Let's discuss cognitive dissonance.

It's an idea that crystalized for me over much of the past year, I find it a fascinating topic.



Lots of examples abound. An easy example:

A person believes that God will heal a loved one's sickness.
God doesn't.

Now hard questions are raised.
Is God loving?
Is God powerful?
Why didn't God do what they thought he would do?

Maybe one's concept of God was wrong.
But it can't be.
If the concept was wrong, then a lot of things would have to be rethought.

Therefore, there is temptation to come up with other reasons to resolve the difficulty so that the person won't have to change their thinking, and the dichotomy over "God wants to heal my friend" vs "God let my friend die" can be resolved with the least amount of stress and ambiguity.

So....
Maybe the friend sinned and thus was being punished.
Maybe people just didn't have enough faith or God would have pulled through.
Maybe God had some special plan that is even better in the long run than the friend's survival.
Lots of "reasons" are generated so that the original premises/opinion of God and what he should do doesn't have to change.

Or maybe someone thinks that gay marriages are bad for kids and "turns kids gay."
Then studies show the opposite. (Not saying they do, just saying, "What if the CW is wrong?")
Does the opinion change?
Or is it easier to generate reasons that can explain away the study without reconsidering the opinion?
(Perhaps the study was fradulent.

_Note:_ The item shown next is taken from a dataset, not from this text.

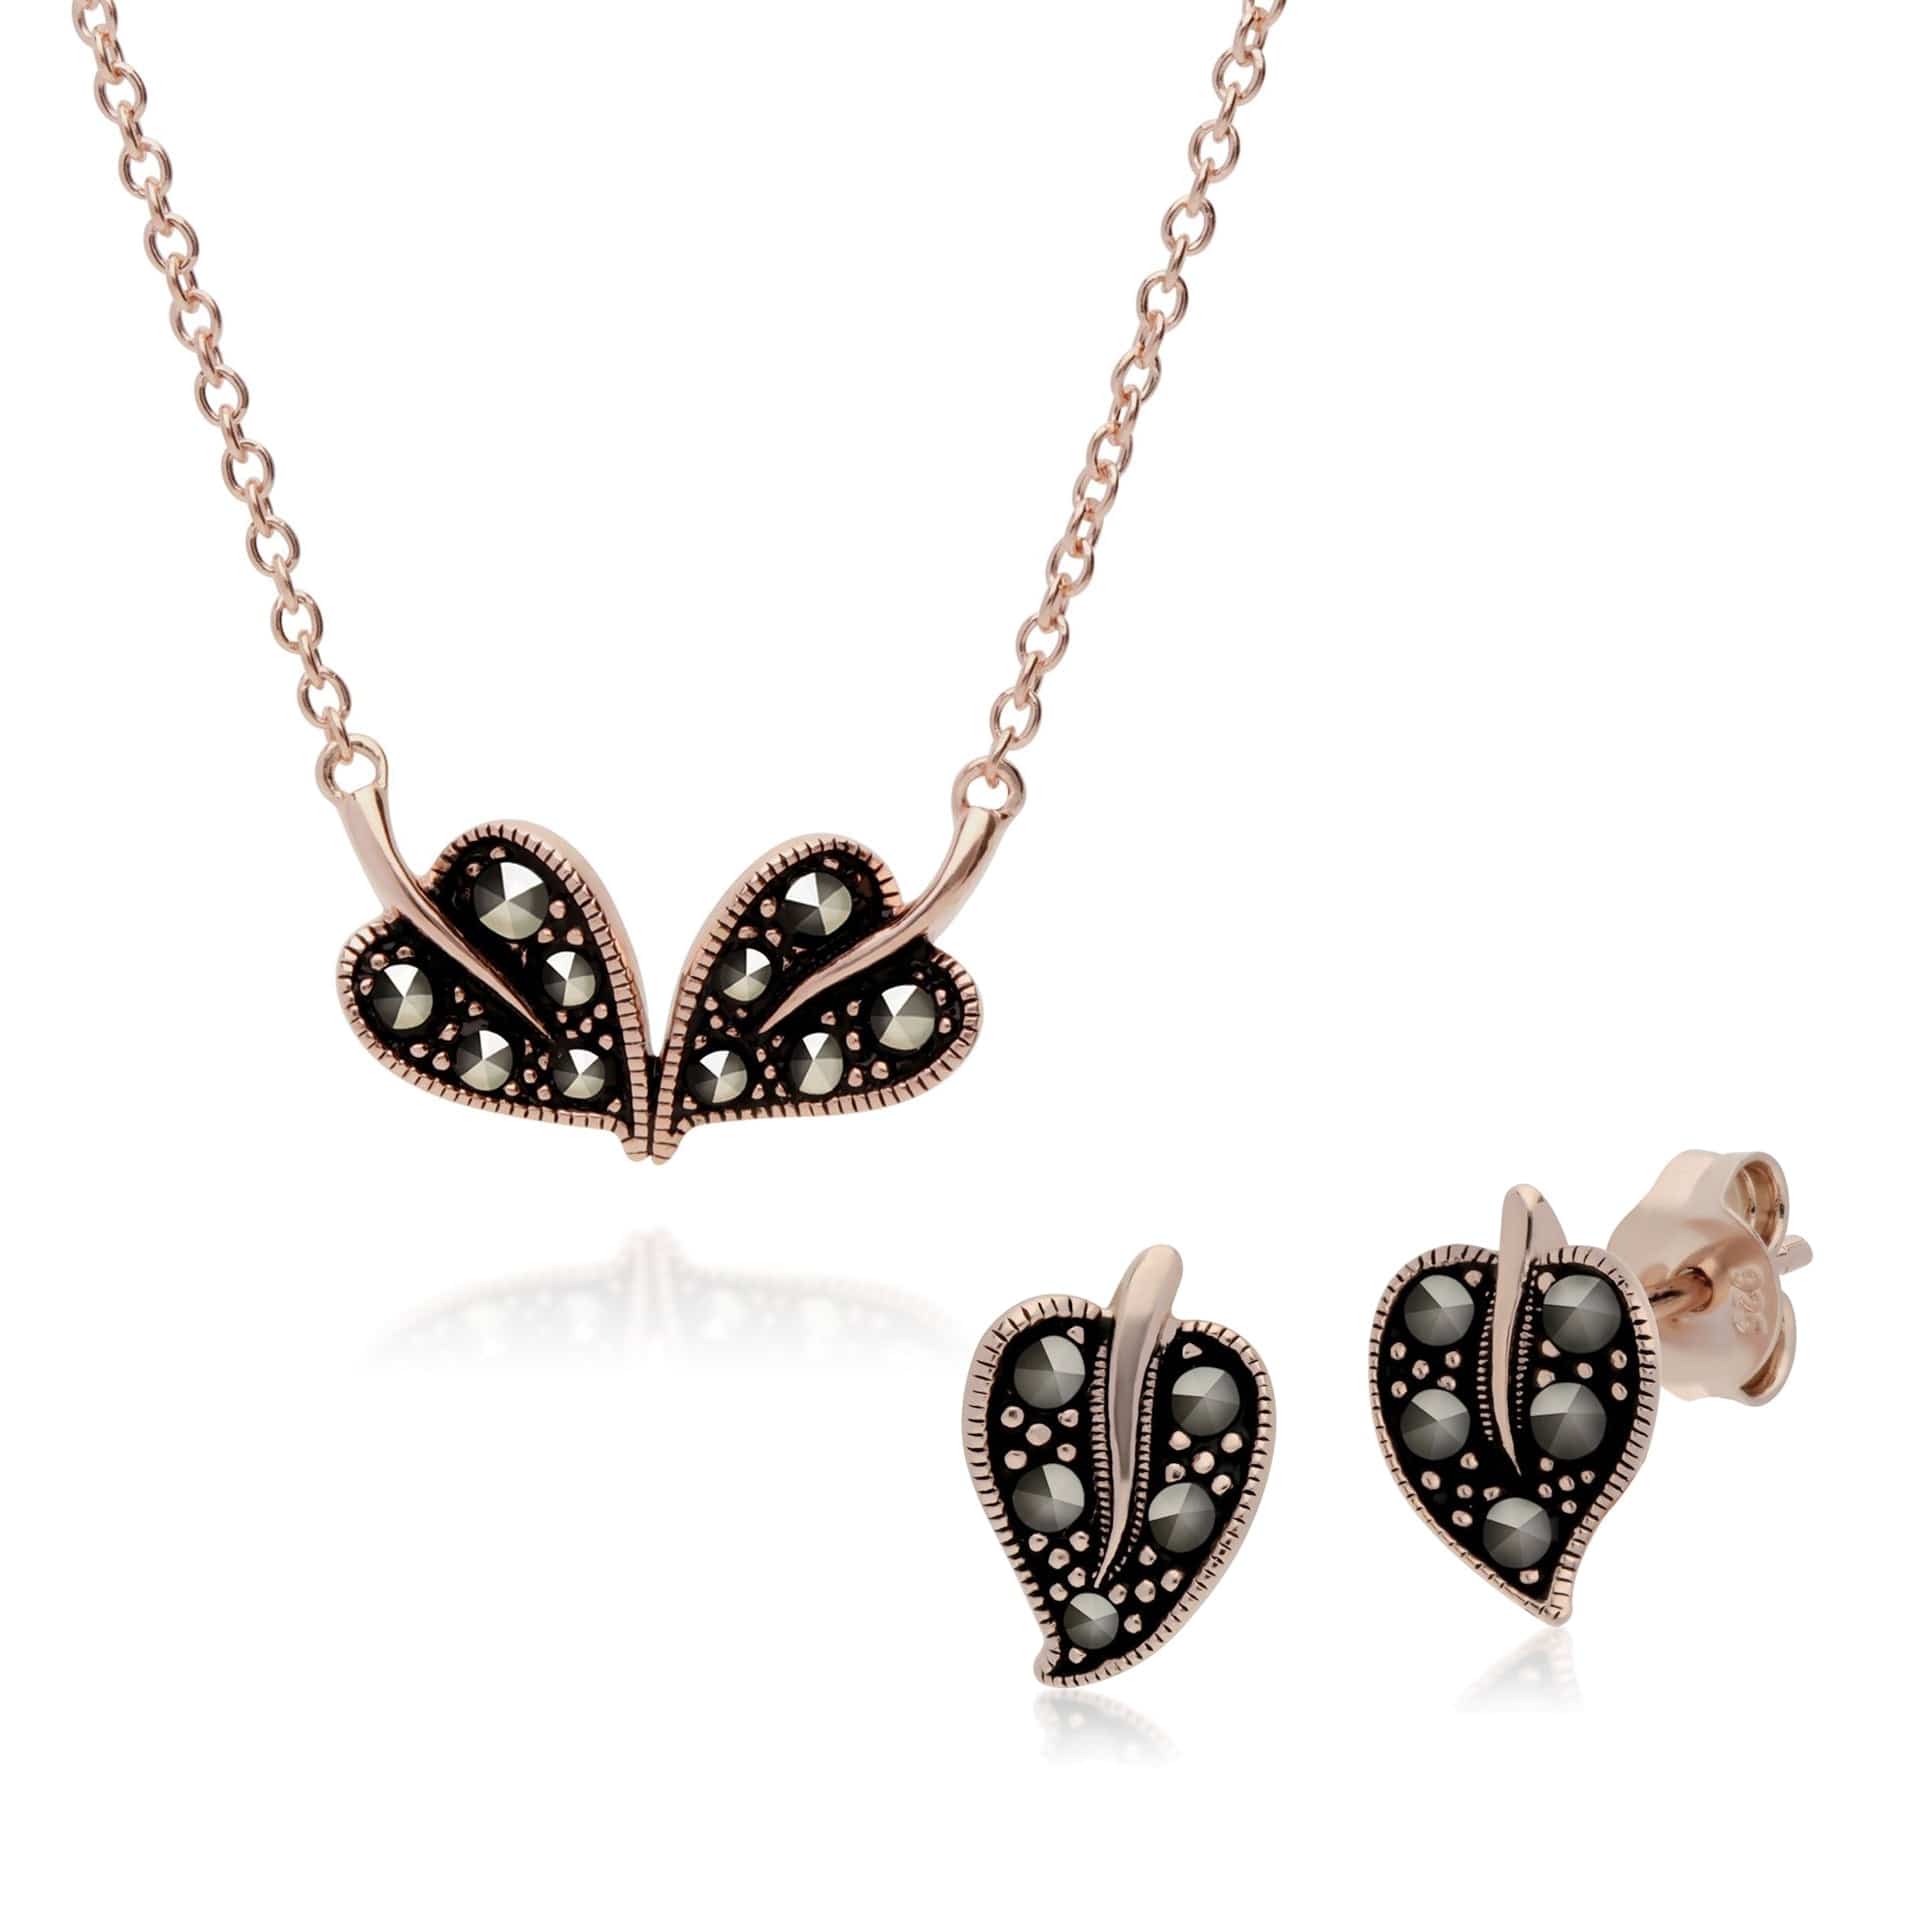 224E023401925-224N017201925 Rose Gold Plated Marcasite Leaf Stud Earrings & Necklace Set in 925 Sterling Silver 1

Or it was run by gay people, so it must be biased. Or the families in question had other factors making them good. Or... whatever?)


So what is it in people (what psychological constructs exist) that drives these resolutions of cognitive dissonace?

What is feared here? What is trying to be avoided by the convolutions of thought?

Why is it hard to allow one's worldview to shift... or to embrace ambiguity?

Who pays the expense of the unwillingness to change?

I don't even have a particular idea in mind in terms of direction of the conversation, I'm just curious to see what others have to say about the topic and how it plays out in daily life and common society.

Why not discuss cognitive dissonance within MBTI. It's right here and right now - it is germane - it is pertinent.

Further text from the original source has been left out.